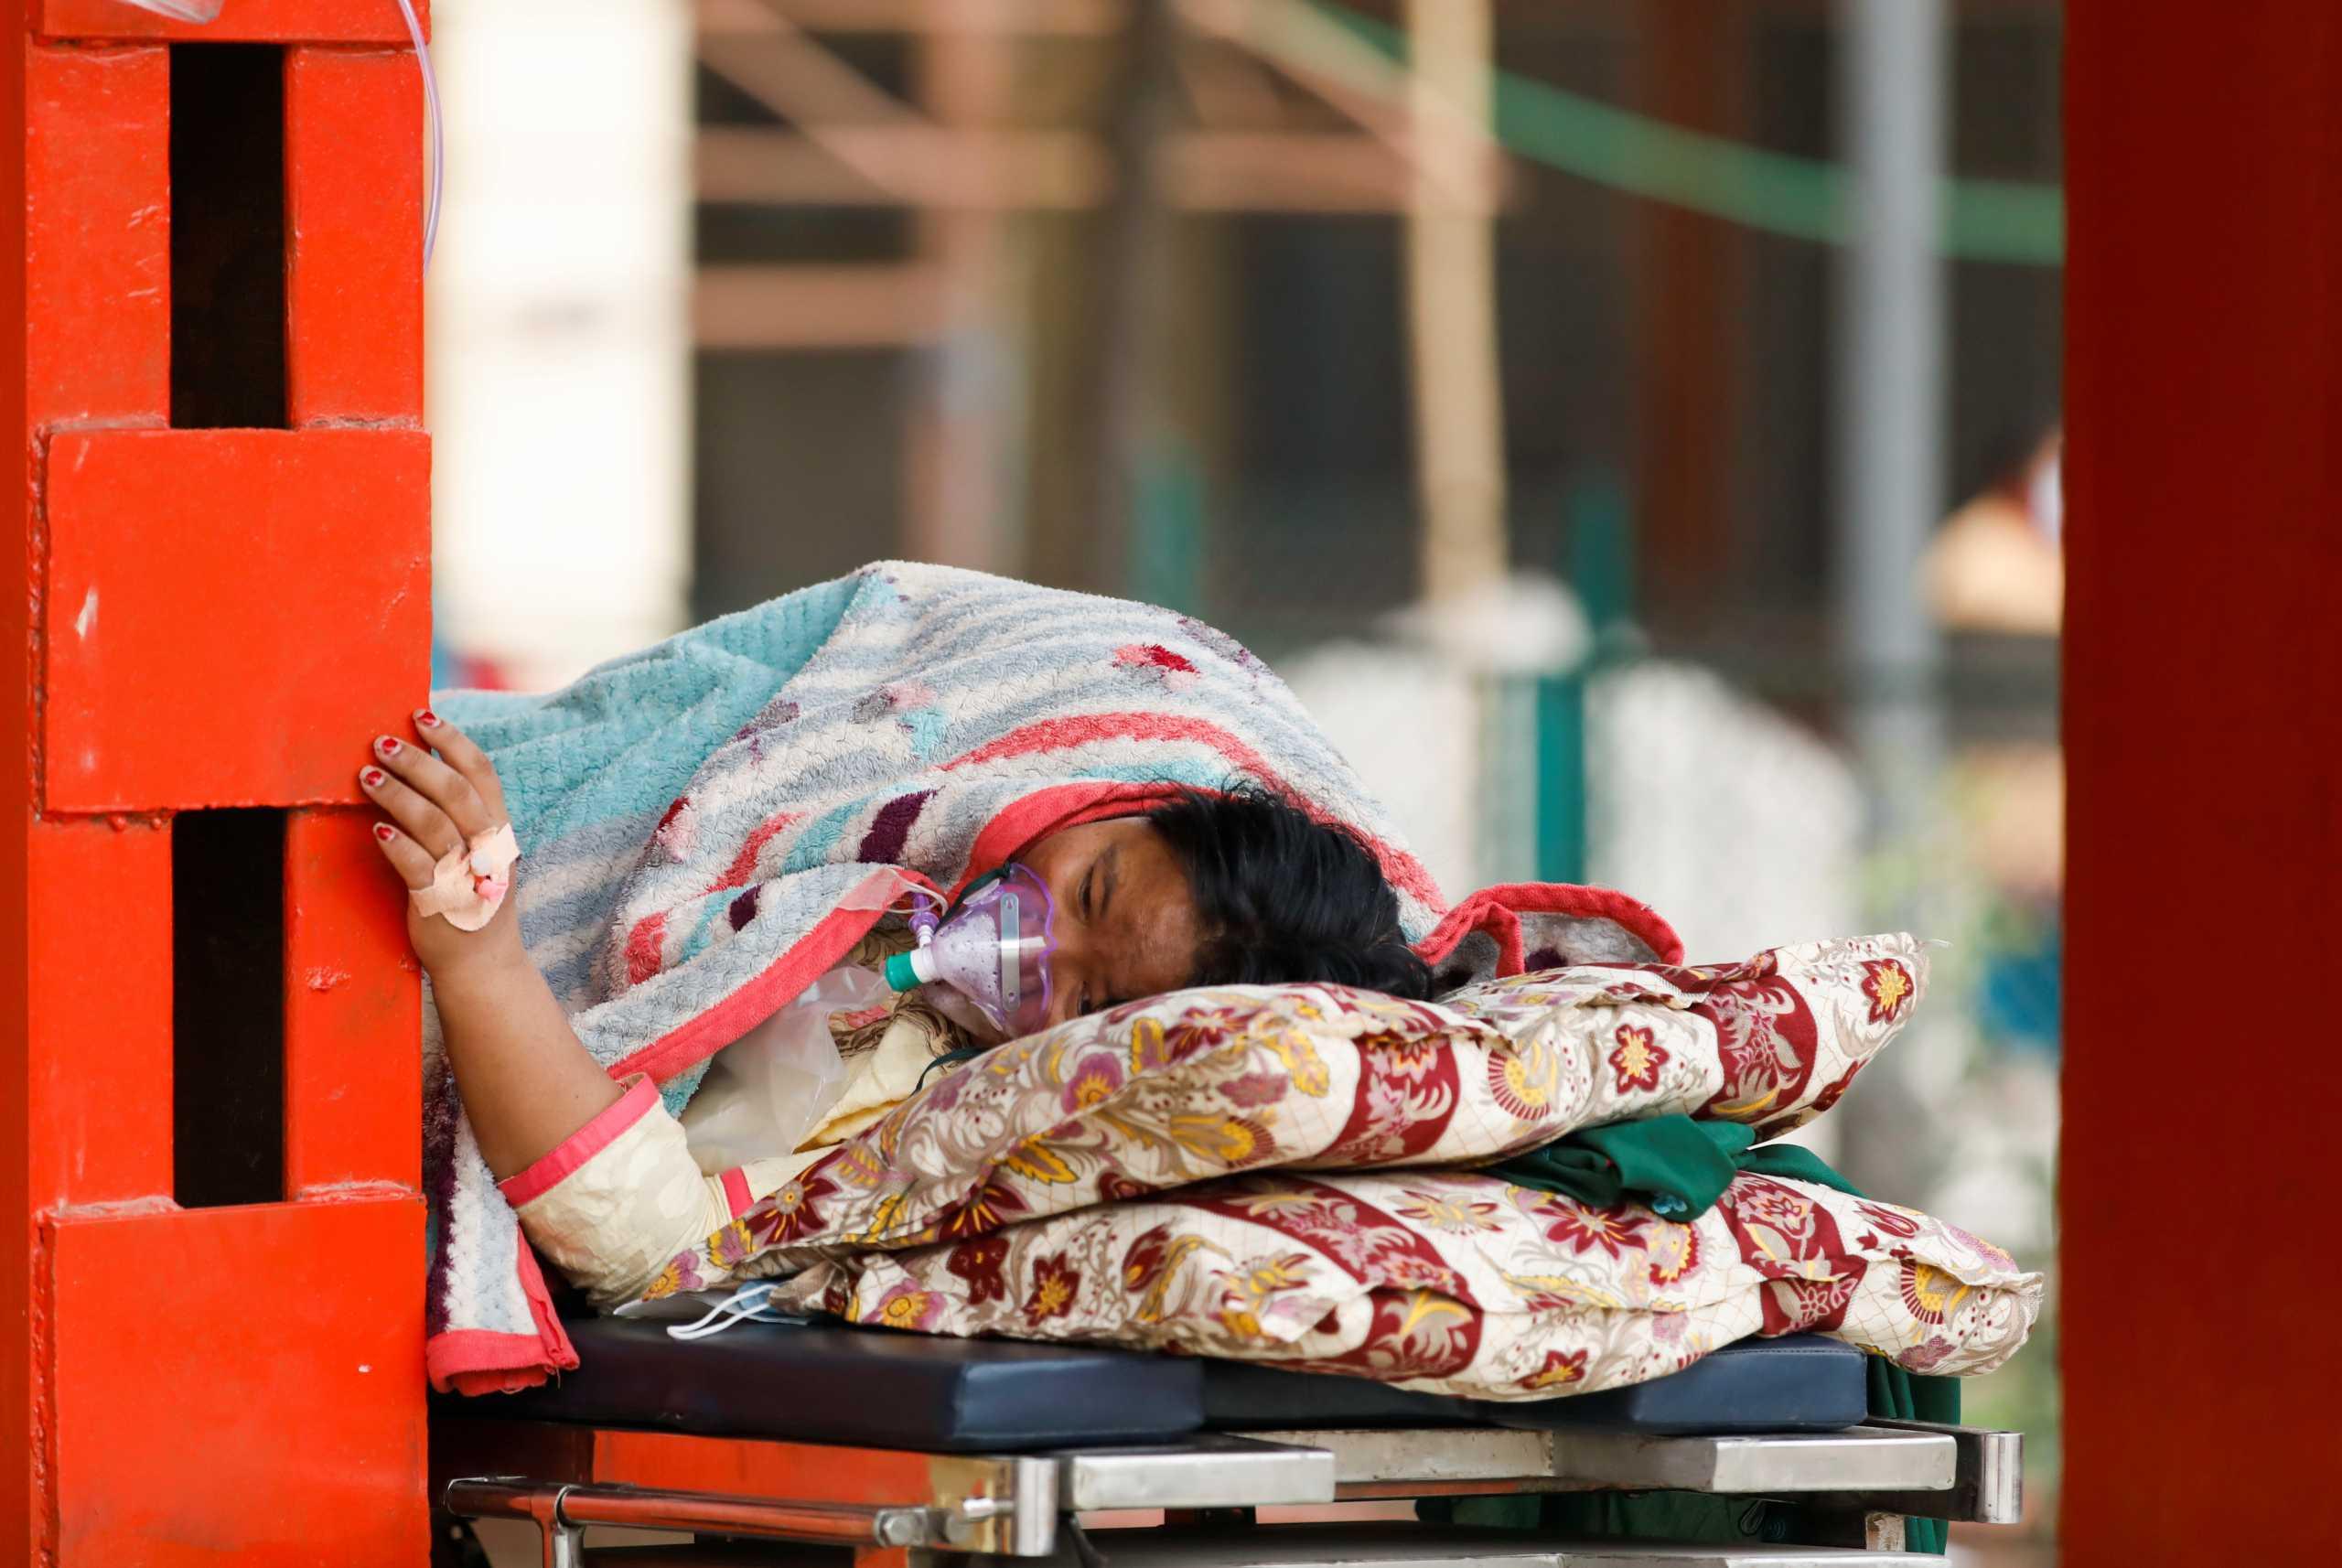 Κορονοϊός: Πεθαίνουν από ασφυξία λόγω έλλειψης οξυγόνου στο Νεπάλ – Χειρότερη η κατάσταση και από την Ινδία
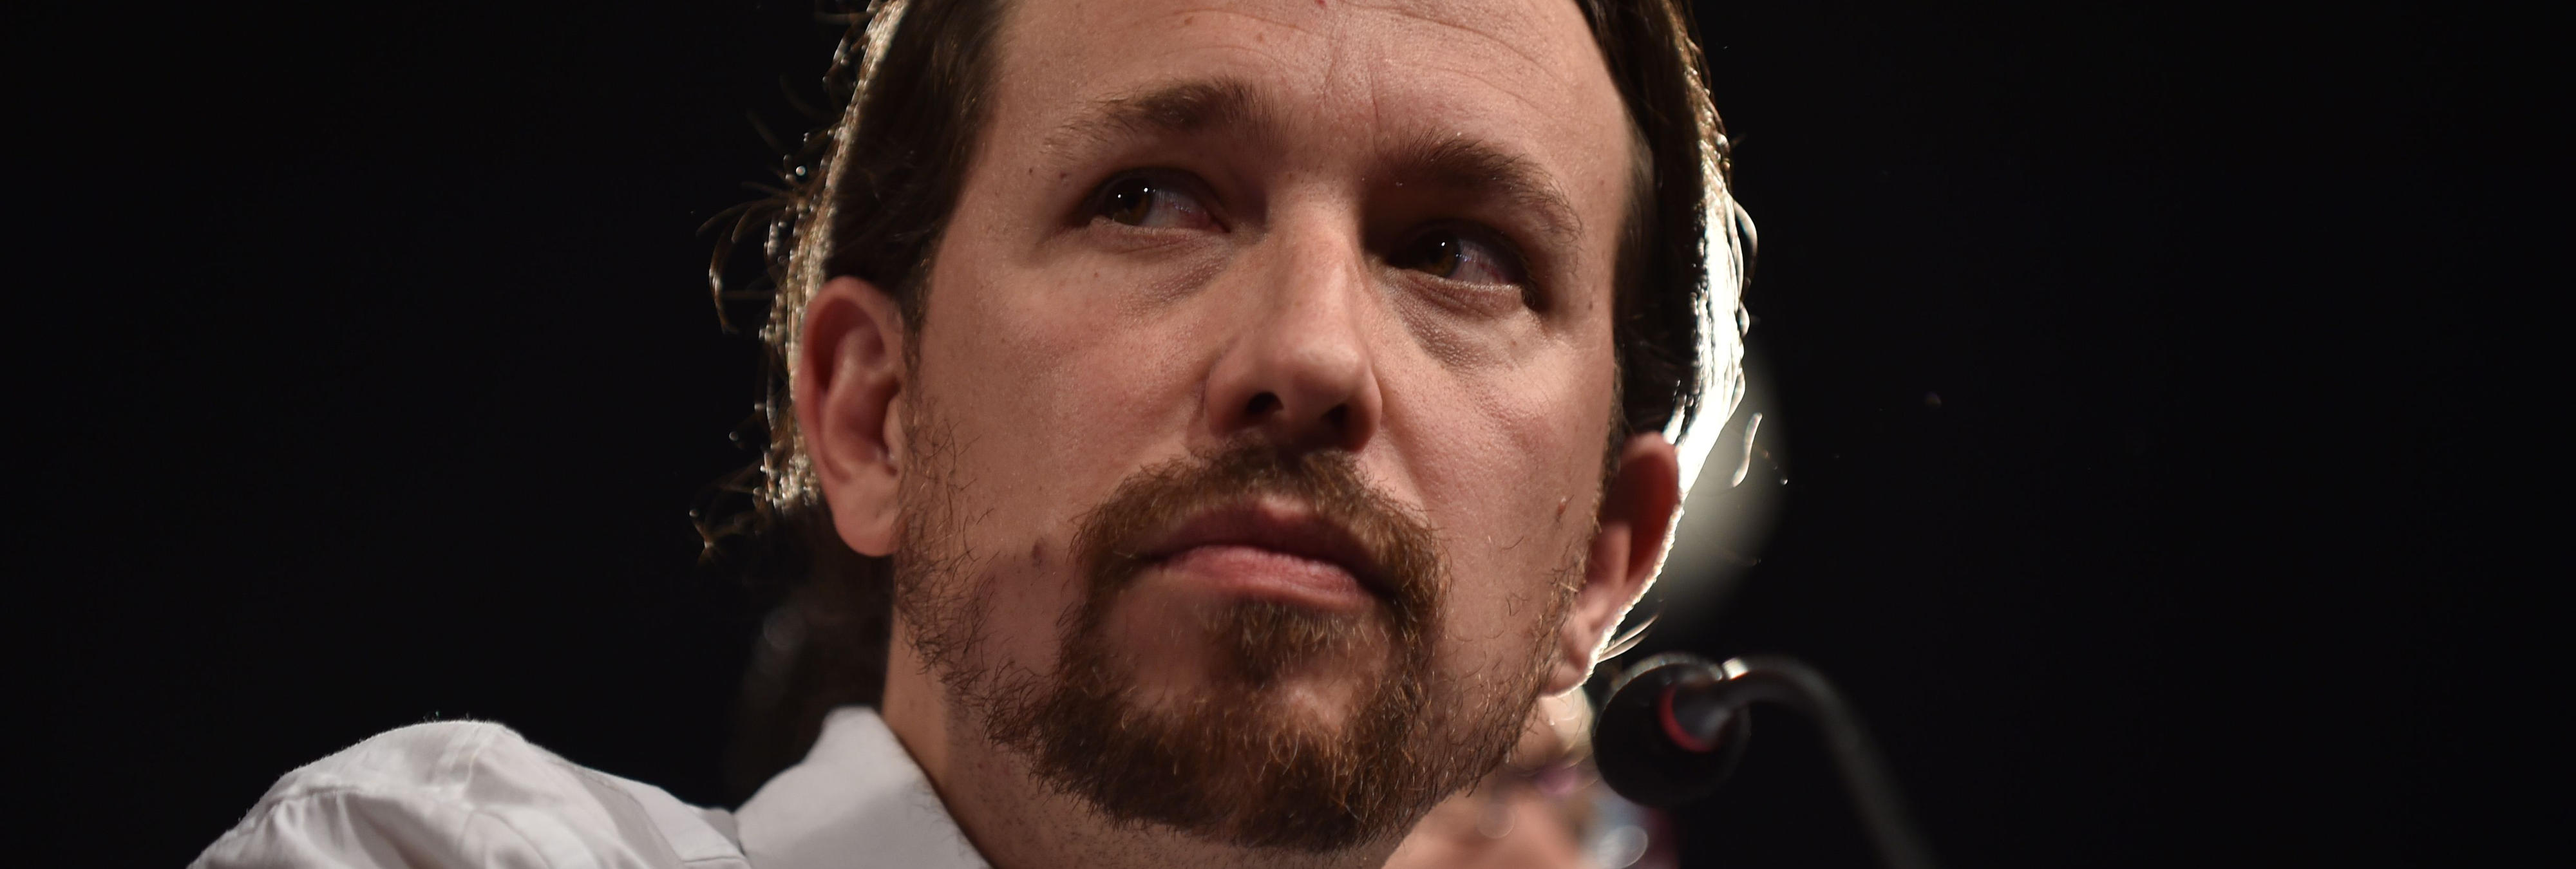 El PSOE crecería si se produjesen hoy unas terceras elecciones y Podemos sería el que más bajaría
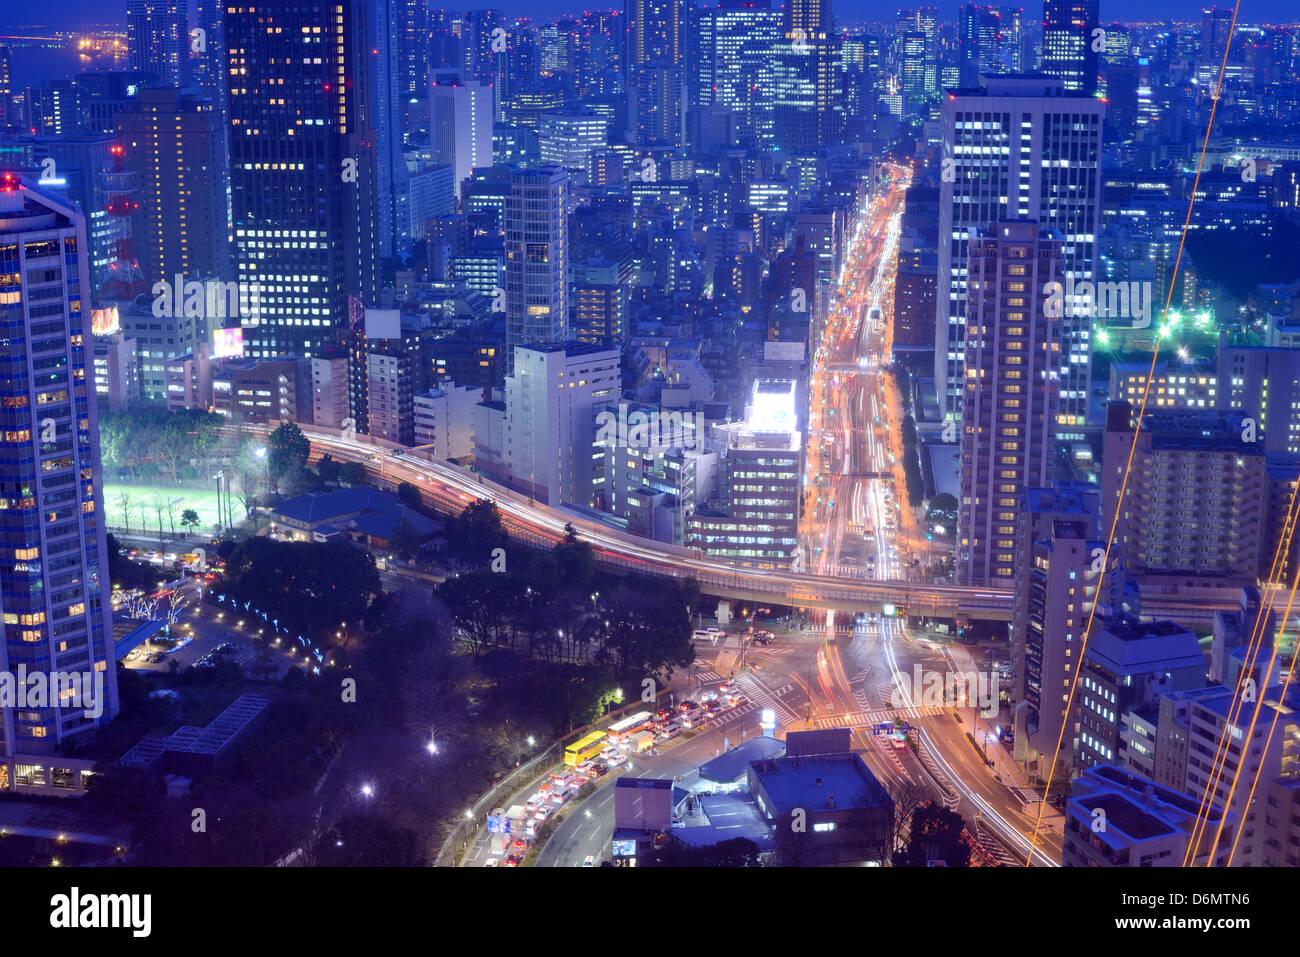 Autopistas y carreteras en Tokio, Japón Imagen De Stock
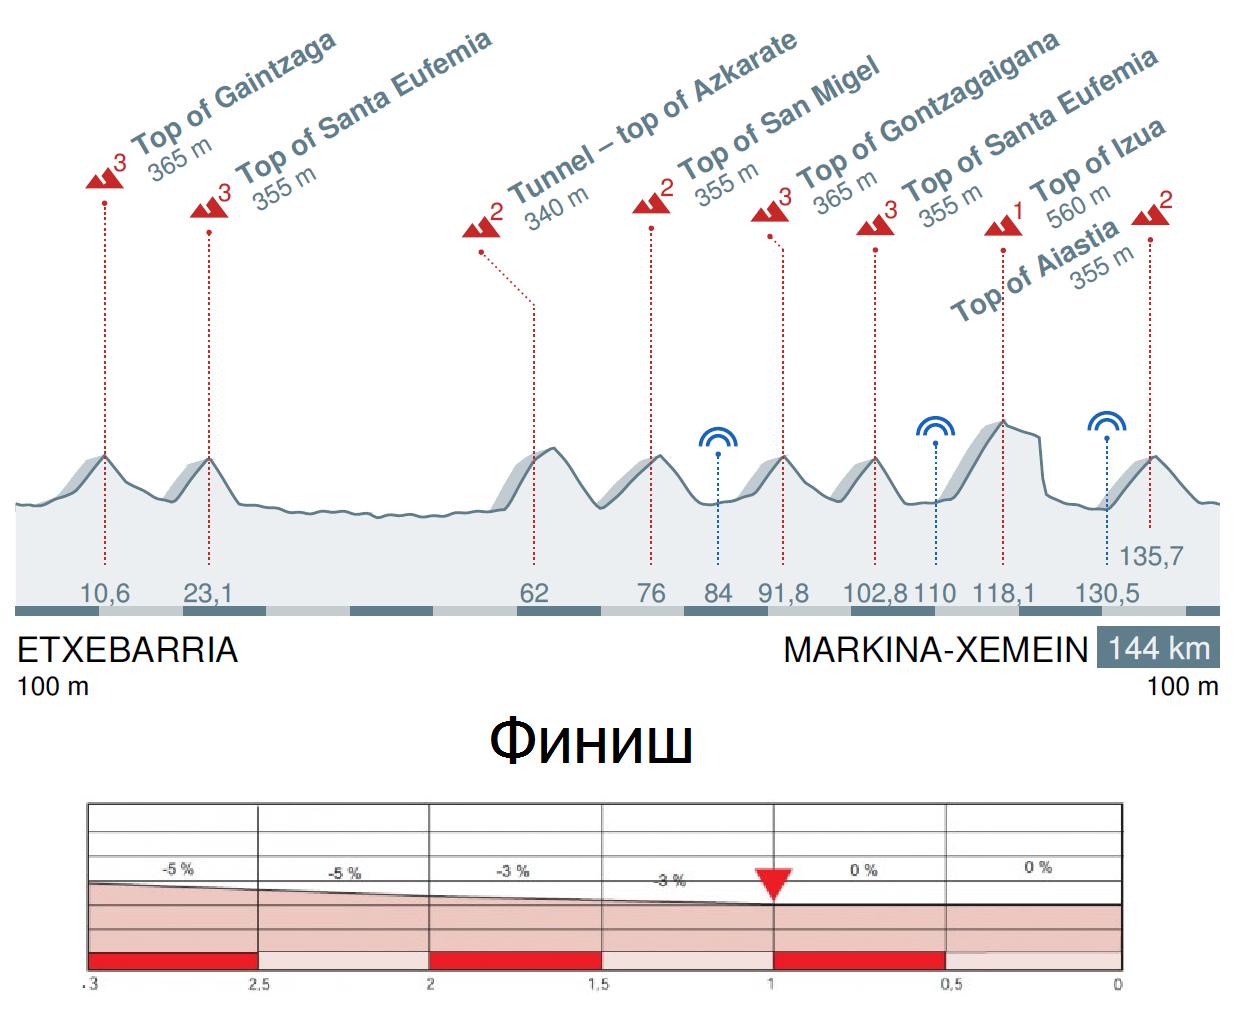 Тур Страны Басков 2016 профиль 1 этапа

----

- What this task involves
Print the listing again exactly as it appears, except for the pictures, which stay out.

- Answer to this task
 Κορονοϊός: Πεθαίνουν από ασφυξία λόγω έλλειψης οξυγόνου στο Νεπάλ – Χειρότερη η κατάσταση και από την Ινδία
 El PSOE crecería si se produjesen hoy unas terceras elecciones y Podemos sería el que más bajaría
 Autopistas y carreteras en Tokio, Japón Imagen De Stock
 Тур Страны Басков 2016 профиль 1 этапа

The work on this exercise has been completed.